◆ Task instructions: In the listing below, tally the lines that hold "wedding" and report that number by itself.

◆ Records shown:
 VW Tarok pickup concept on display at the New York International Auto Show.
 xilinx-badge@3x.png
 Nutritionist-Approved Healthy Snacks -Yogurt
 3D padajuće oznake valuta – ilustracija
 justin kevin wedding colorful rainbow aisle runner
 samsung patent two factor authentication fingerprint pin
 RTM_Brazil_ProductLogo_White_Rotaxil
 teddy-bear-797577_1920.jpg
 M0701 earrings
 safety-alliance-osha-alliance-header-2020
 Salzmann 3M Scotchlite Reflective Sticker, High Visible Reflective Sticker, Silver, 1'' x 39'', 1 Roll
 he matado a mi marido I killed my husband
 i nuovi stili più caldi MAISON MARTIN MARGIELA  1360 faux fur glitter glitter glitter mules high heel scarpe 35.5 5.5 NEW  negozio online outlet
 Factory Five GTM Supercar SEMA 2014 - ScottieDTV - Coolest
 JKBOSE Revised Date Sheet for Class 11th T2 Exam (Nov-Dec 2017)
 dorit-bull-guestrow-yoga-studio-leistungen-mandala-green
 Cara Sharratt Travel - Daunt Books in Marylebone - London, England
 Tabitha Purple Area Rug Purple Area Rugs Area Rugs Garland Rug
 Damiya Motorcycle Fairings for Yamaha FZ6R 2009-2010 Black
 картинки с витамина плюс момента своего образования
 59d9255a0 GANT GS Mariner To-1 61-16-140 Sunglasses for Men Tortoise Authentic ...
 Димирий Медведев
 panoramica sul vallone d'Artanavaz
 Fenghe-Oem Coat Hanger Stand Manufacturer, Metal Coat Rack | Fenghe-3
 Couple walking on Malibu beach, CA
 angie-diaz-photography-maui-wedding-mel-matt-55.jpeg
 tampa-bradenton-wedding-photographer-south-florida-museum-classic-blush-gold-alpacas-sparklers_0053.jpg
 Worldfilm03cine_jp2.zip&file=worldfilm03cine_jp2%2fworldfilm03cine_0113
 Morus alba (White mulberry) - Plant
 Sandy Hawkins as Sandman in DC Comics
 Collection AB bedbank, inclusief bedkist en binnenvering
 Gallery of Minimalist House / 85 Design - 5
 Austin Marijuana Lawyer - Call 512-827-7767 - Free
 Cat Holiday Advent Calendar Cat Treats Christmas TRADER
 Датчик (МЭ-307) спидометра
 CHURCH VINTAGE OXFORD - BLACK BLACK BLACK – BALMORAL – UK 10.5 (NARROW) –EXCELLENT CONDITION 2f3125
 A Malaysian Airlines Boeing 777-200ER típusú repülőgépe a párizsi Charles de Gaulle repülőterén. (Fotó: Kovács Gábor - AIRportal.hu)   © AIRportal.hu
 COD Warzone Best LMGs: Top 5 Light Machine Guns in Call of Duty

◆ Your solution: 3